Award-winning choreographer Elizabeth Streb brings her eponymous company and its singular PopAction style to Lafayette’s Williams Center for the Arts Wednesday, Sept. 13 at 8 p.m.
Tickets for the performance are free for Lafayette students, $4 for faculty and staff, and $20 for the public, and may be obtained by calling the Williams Center for the Arts box office at (610) 330-5009.
Other performances in the Footlights Series are Philadanco Wednesday, Nov. 8, $20; Big Dance Theater: The Other Here Friday, Jan. 26, and Saturday, Jan. 27, $18; and Men-Jaro Tuesday, March 20, $18. A subscription to the Footlights Series costs $59, a 22 percent savings off the single ticket price. Tickets for a special non-subscription performance of Ping Chong and Company’s Undesirable Elements Tuesday, Nov. 14, are $12.
In addition to the Wednesday performance, Elizabeth Streb will offer a free presentation Tuesday, Sept. 12 at noon in the Williams Center room 108.
Streb’s unique performance style, PopAction, intertwines dance, athletics, extreme sports, and Hollywood-style stunt work into choreography focusing on pushing beyond the conventional limits of the human body. Her creations summon an aesthetic of grace, the use—or defiance—of gravity, and the basic principles of time, space, and human movement to create a distinct way of moving, an idiosyncratic vocabulary, and a visceral performance experience, resulting in work that is compelling and unforgettable.
Founded in 1979, STREB tours extensively throughout the United States and internationally presenting performances and residencies, and conducts year-round activity at its home studio/laboratory in Brooklyn. Classes are taught for children and adults, and all company activities—rehearsals, demonstrations, workshops—are open to the public, reflecting Streb’s commitment to making the arts part of everyday life.

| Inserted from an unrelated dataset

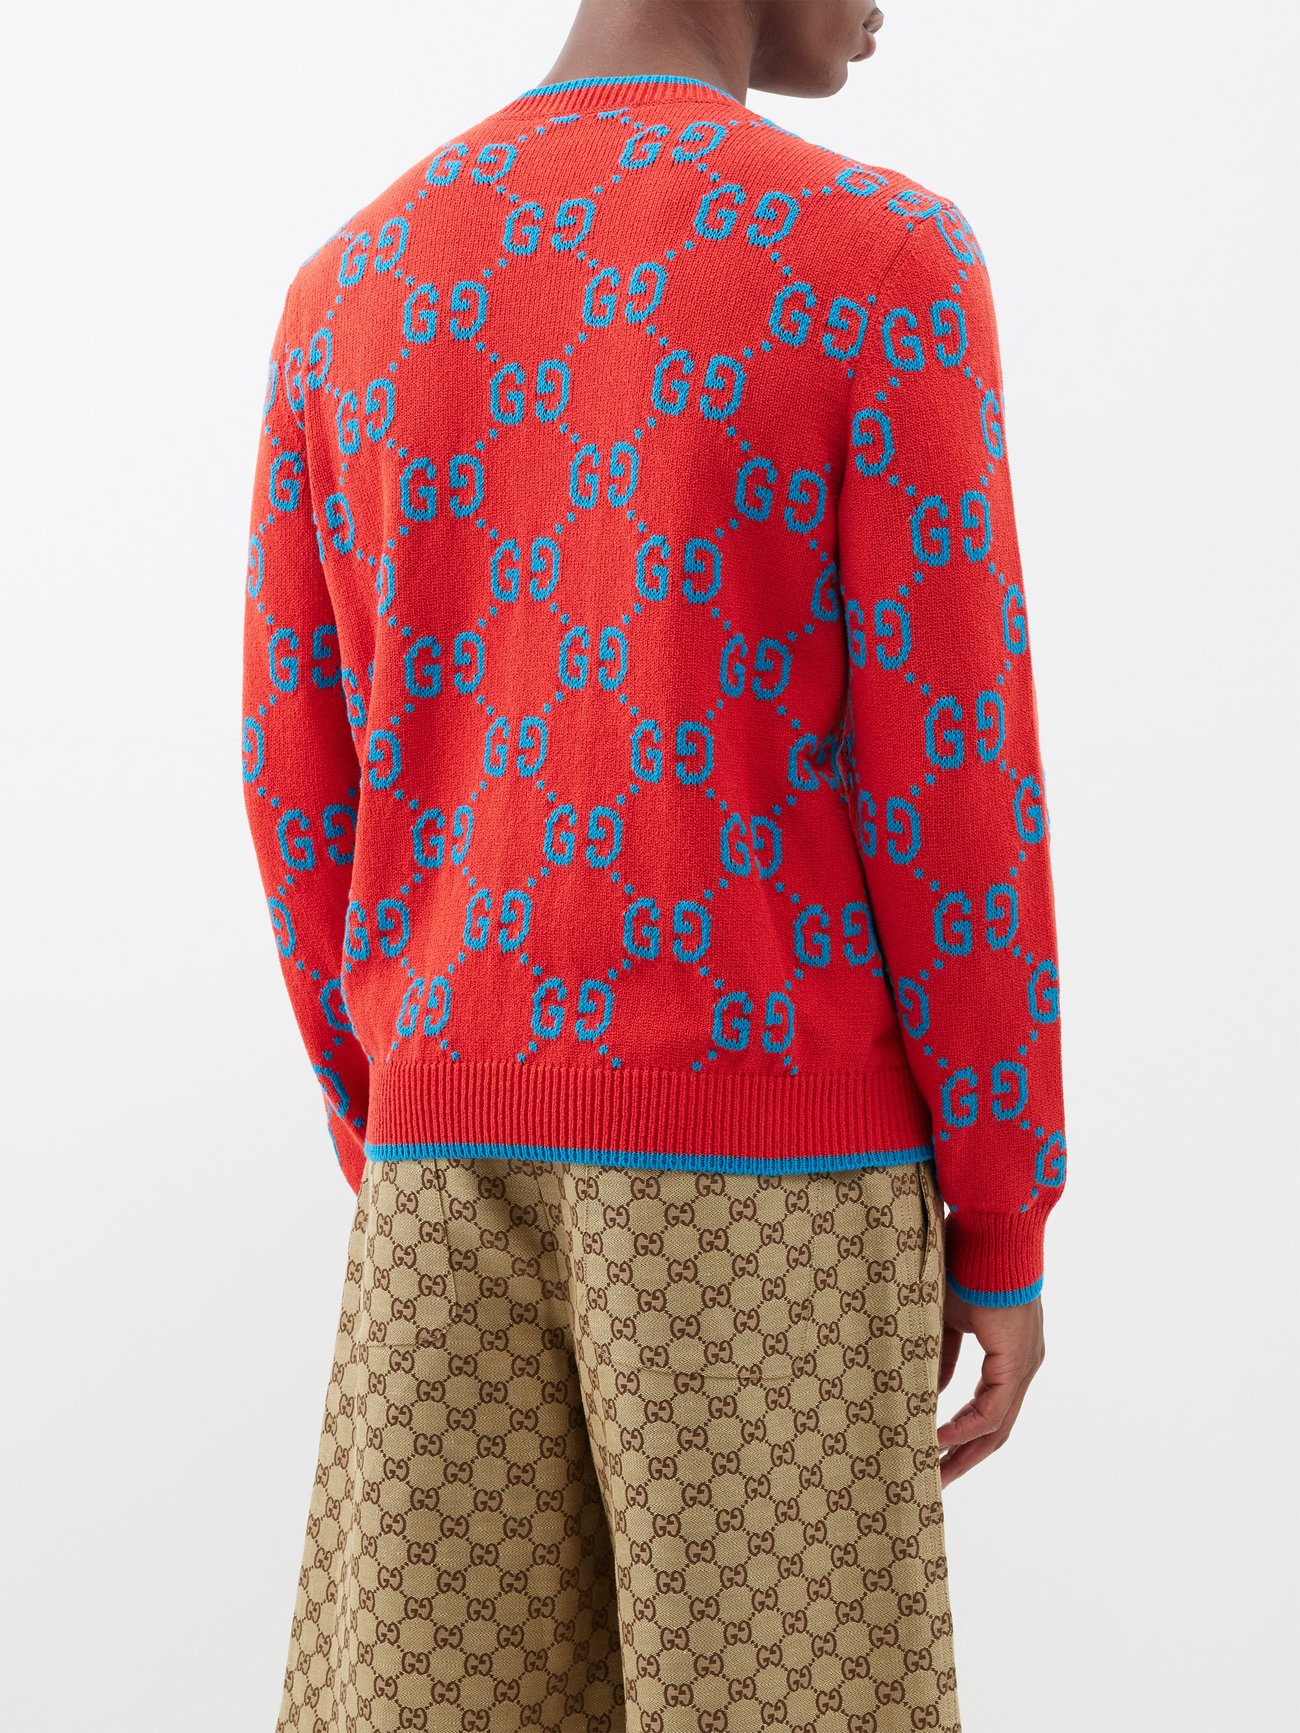 GG Intarsia Cotton Blend Sweater in Red - Gucci
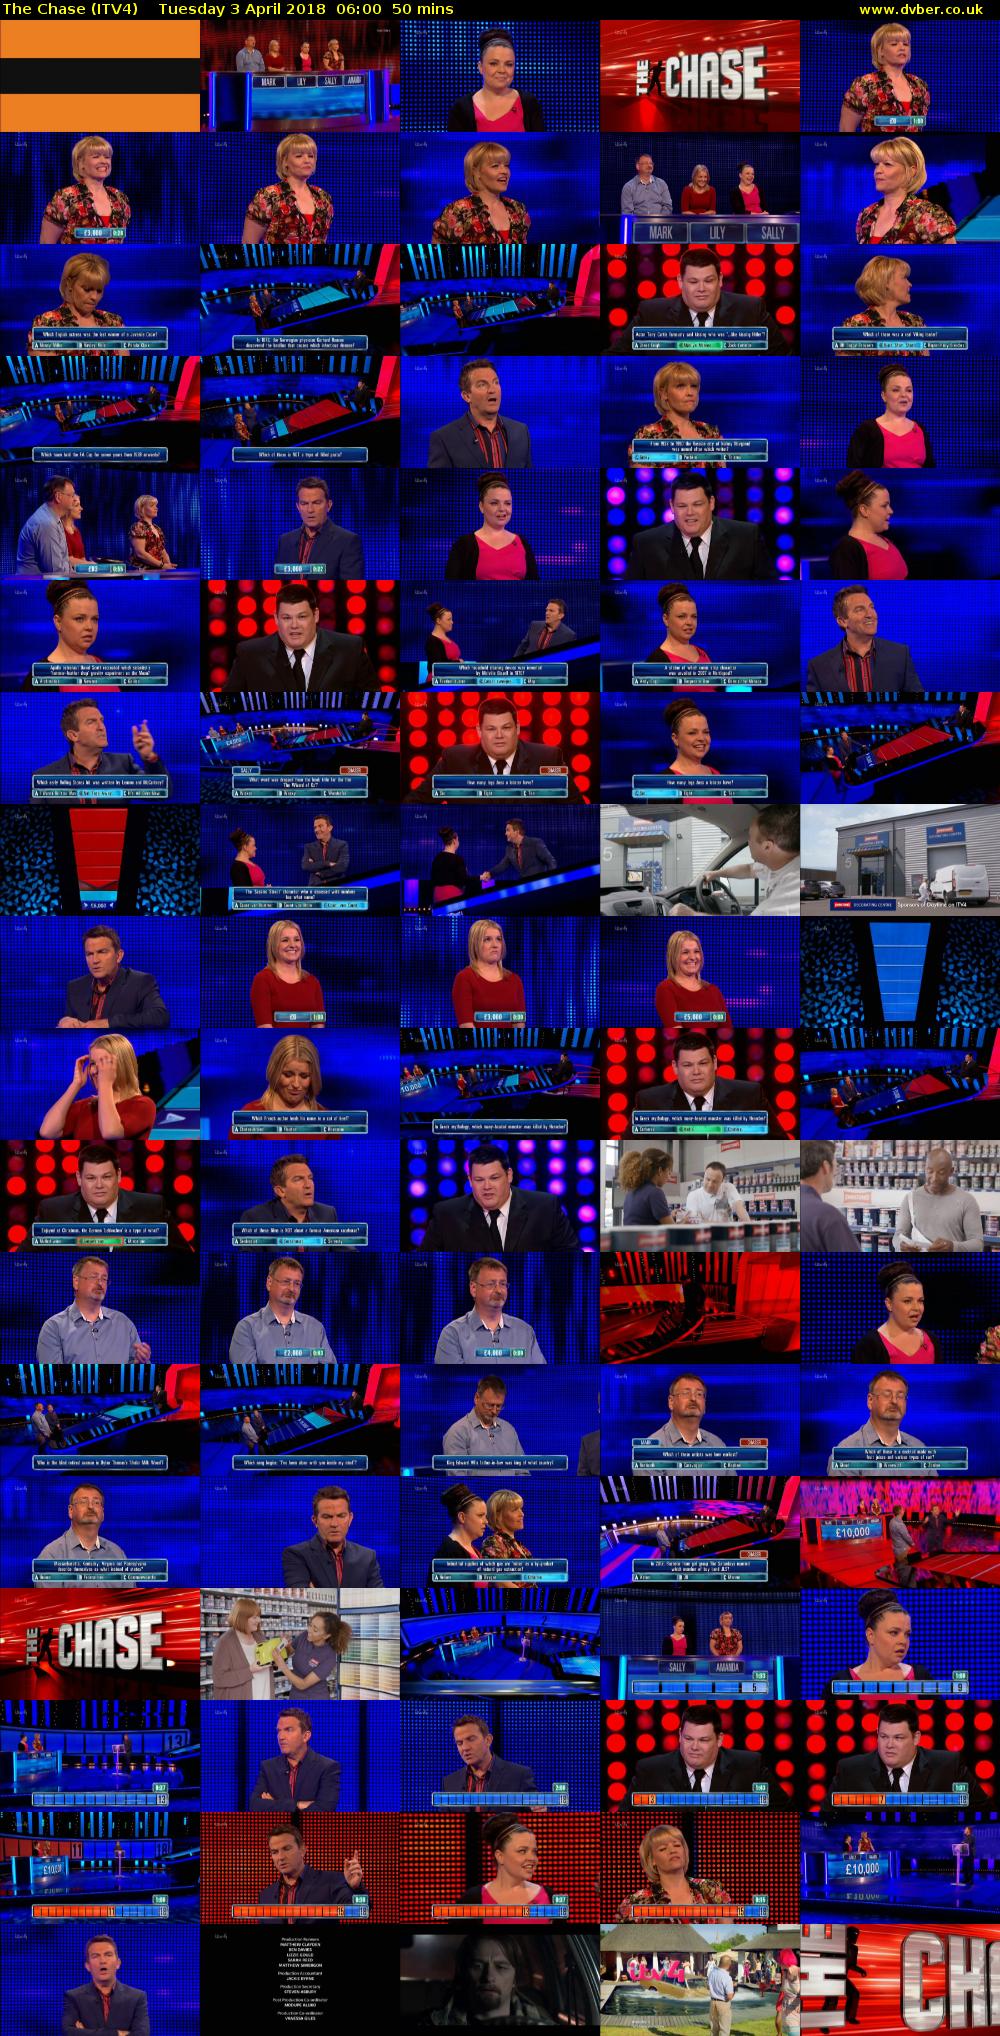 The Chase (ITV4) Tuesday 3 April 2018 06:00 - 06:50

“We want to be part of the general public’s daily activity,” she says. “We want them to see us invent new pieces.We want them to watch/question/interact/participate in our creation and to get a clear picture of the hard work that mingles with skill and talent in the making of art.”
STREB has received numerous awards and financial support from organizations such as the National Endowment for the Arts, the New York State Council on the Arts and the New York City Department of Cultural Affairs. STREB has also been featured on the David Letterman Show, CBS Sunday Morning, ABC Nightly News with Peter Jennings, and on Larry King Live.
The 2006–2007 Lafayette College Performance Series is supported in part by gifts from Friends of the Williams Center for the Arts; by provisions of the Josephine Chidsey Williams Endowment, the Alan and Wendy Pesky Artist-in-Residence Program, the James Bradley Fund, and the Ed Brunswick Jazz Fund; and by grants from the National Endowment for the Arts, Pennsylvania Council on the Arts, Mid Atlantic Arts Foundation, Pennsylvania Performing Arts on Tour; the F.M. Kirby Foundation, the Dexter and Dorothy Baker Foundation, and the New England Foundation for the Arts.